Before imaging, cells were stained at 4°C for 20 min with the nonblocking anti-TCR F_ab H57 (10 μg/ml) labeled with AlexaFluor 488 or 568 (Invitrogen, Carlsbad, CA). For live-cell experiments, cells were then injected under isotonic conditions in imaging buffer (1× Hepes-buffered saline with 1% human serum albumin, 1 mM Ca²⁺, and 2 mM Mg²⁺, pH 7.3) into a temperature-clamped (37°C) flow cell and imaged immediately. For fixed-cell experiments, cells were allowed to interact with the bilayer for the noted time and then fixed with 2% paraformaldehyde, permeabilized with 0.05% Triton X-100, blocked with 5% casein (Sigma, St. Louis, MO) in phosphate-buffered saline, and stained with 1.5 μM FITC-phalloidin (Invitrogen). Microscopy was performed using a Nikon TE-2000E inverted scope and a 100× 1.45 NA objective. Cells were illuminated in total internal reflection mode using the 488 nm line from an Argon laser and the 568 line from an Ar/Kr mixed gas laser (both SpectraPhysics, Mountain View, CA). Images were obtained using MetaMorph software (Molecular Devices, Sunnyvale, CA) and a Cascade 512B EMCCD camera (Roper Scientific, Tucson, AZ).

Tracking

All particle tracking and data analysis was performed using custom software written in MATLAB (The MathWorks, Natick, MA). Particles were identified as local maxima from time series of single cells. Images were first convolved with a low pass filter of the same spatial dimension as the point spread function (PSF), then local maxima were identified across PSF-size neighborhoods. Identified objects were compared to the local background; particles not significantly brighter than the local background were discarded (26). Particle positions were then further refined by a least-squares fit of a Gaussian intensity distribution to the pixel values. Objects were linked into tracks using a neural network-based algorithm that exploited local flow information to bias the search for linked particles (27). Particle intensities were calculated by summing pixel intensities over a circular region the size of one PSF centered on the particle location. Radial velocities were calculated by first manually choosing the origin of the polar coordinate system to lie at the cell center, then calculating particle velocities using only the radial component of each particle position.

RESULTS AND DISCUSSION

To determine the mechanism of synapse remodeling by substrate-imposed constraints, cells were imaged during synapse formation using total internal reflection fluorescence microscopy (see Fig. 1). AND T cell blasts were stained with the nonblocking anti-TCR F_ab H57 and injected into a closed flow cell (37°C), where they settled onto supported lipid bilayers displaying mobile pMHC and ICAM-1. The synaptic face was imaged every 4–5 s for 300–600 s using total internal reflection fluorescence microscopy, ensuring that only membrane-associated structures within ∼100 nm of the glass interface were visible. Bilayers were formed on substrates patterned with molecular mazes composed of alternating dashed lines of 100 nm wide, 5.5 nm high chromium, with gap and line spacing of 1.5–2 μm. These molecular mazes are well suited to study the dynamics of TCR because microclusters are not permanently trapped by maze features, permitting long range movement of cell surface molecules. Conversely, grids and other closed patterns, such as those used for the F-actin experiments described below, are better suited to fixed-cell experiments because they trap microclusters at defined locations.

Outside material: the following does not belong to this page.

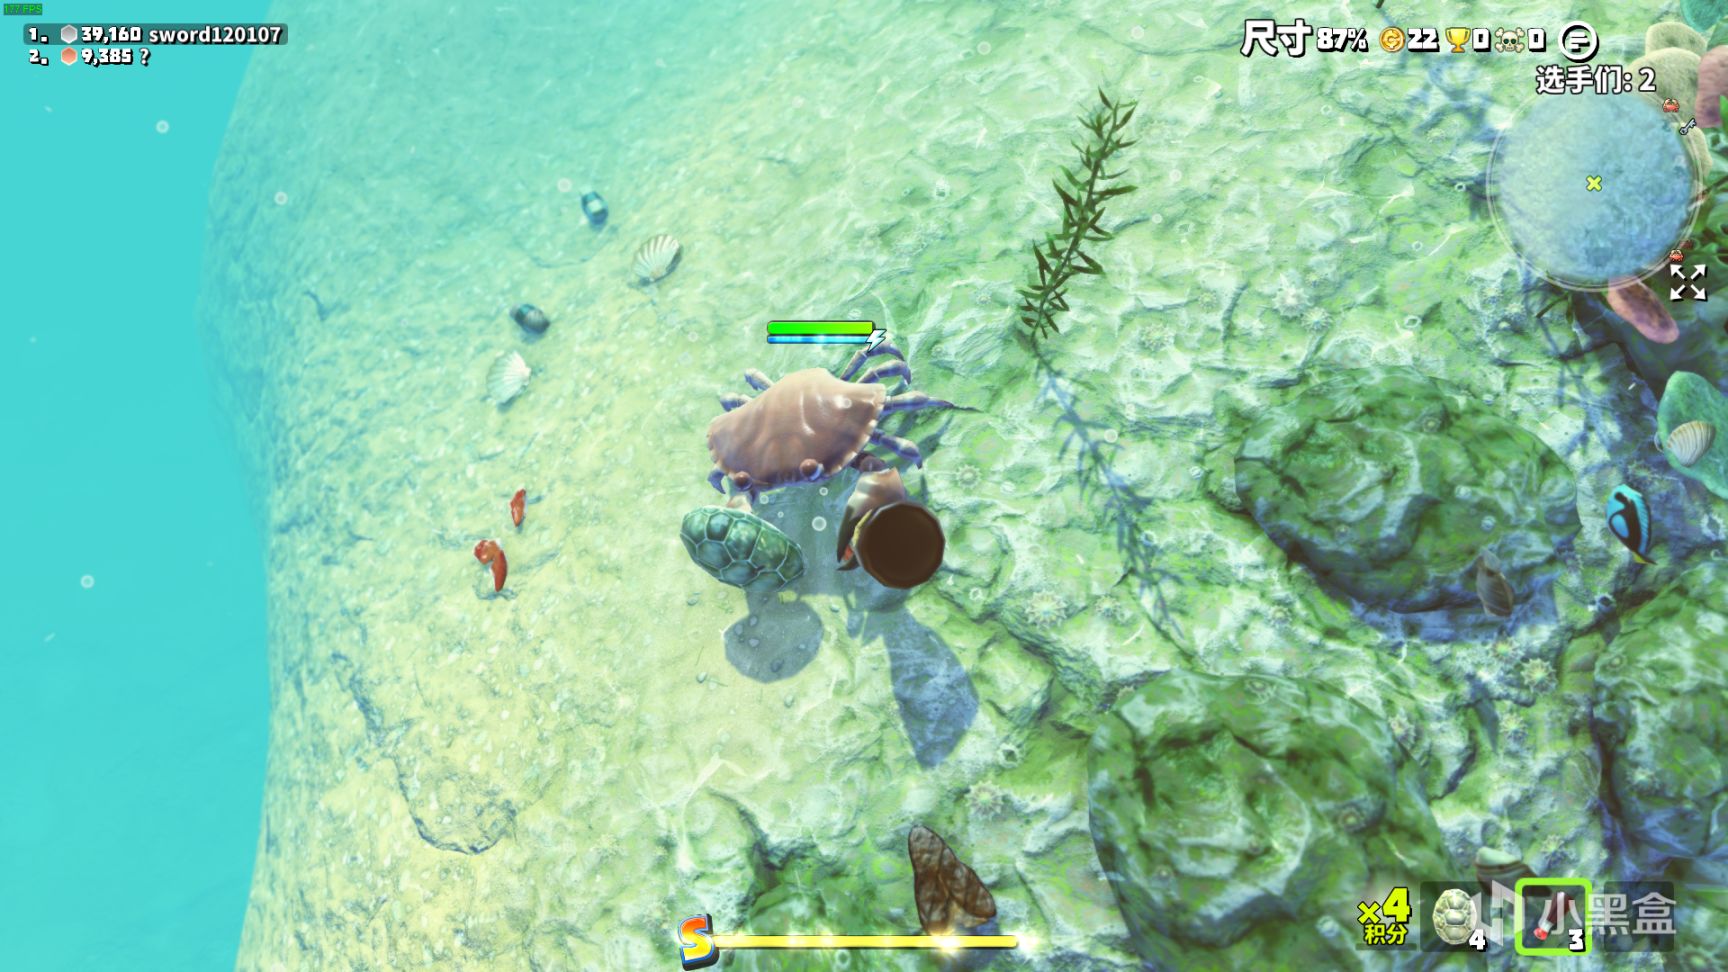 【PC游戏】steam免费有趣游戏《King of Crabs 螃蟹之王》无限欢乐，来吖 一起快乐鸭~-第19张

Representative cells undergoing activation on patterned and plain substrates are shown in Fig. 2 (see also movies S1 and S2 in the Supplementary Material). Nanopatterned chromium constraints on the underlying glass support alter the trajectories of TCR clusters during synapse formation (Fig. 2 b) compared to trajectories on unmodified substrates (Fig. 2 a). From 0 to ∼30 s, the cell spreads on the surface and clusters of TCR nucleate and grow with little inward movement (see Fig. 3). TCR clusters on nanopatterned substrates nucleate at random locations, identically to cells on unpatterned substrates. After ∼30 s, an inward translocation of TCR clusters occurs. The T cell establishes a geometry naturally described by a polar coordinate system with the origin at the synapse center (see Methods). Measurements of cluster movement reveal an average radial speed of 20 ± 8 nm/s, similar to that reported previously (8,13). This transport lasts for 2–3 min, after which the large clusters remain static whereas smaller clusters of TCR continue to stream in from the cell periphery, as has been reported (7,8,13) (see also Fig. 3). TCR microclusters nucleate and grow during the period of contact area expansion and initiate movement only after the spreading process has stopped (see Fig. 3). This suggests that the actin flow that is required for microcluster translocation is only initiated after the spreading process is completed. Individual TCR tracks show the same features as ensemble observations (Fig. S1; see also movie S3).

Molecular mazes redirect TCR motion. (a) A T cell forming an immunological synapse on an unpatterned bilayer. Initial contact with the bilayer induces T cell receptor TCR clustering across the face of the cell, which is followed by a contraction phase. After contraction, a relatively stationary phase occurs where large clusters are fixed and subthreshold clusters continue to stream in from the periphery. At the acquisition rate required for particle tracking, cells typically don't form strong central accumulations of TCR because fluorescent tags are bleached during transport. Formation of central TCR accumulations was confirmed by visualizing cells just out of the tracking region of interest. Track lines are truncated at 15 frames previous to the frame shown. (b) Synapse formation on a supported lipid bilayer patterned with chromium fences (fences are outlined in *green* to aid the eye). The motion of TCR clusters is diverted by underlying chromium features. Clusters can sometimes be trapped by bilayer defects and not make it to the center, such as at 8 o'clock and 2 o'clock in this cell. (c–e)Example tracks show the effect of barriers on TCR translocation. The final position of the object is shown in red. For videos, see the Supplementary Material.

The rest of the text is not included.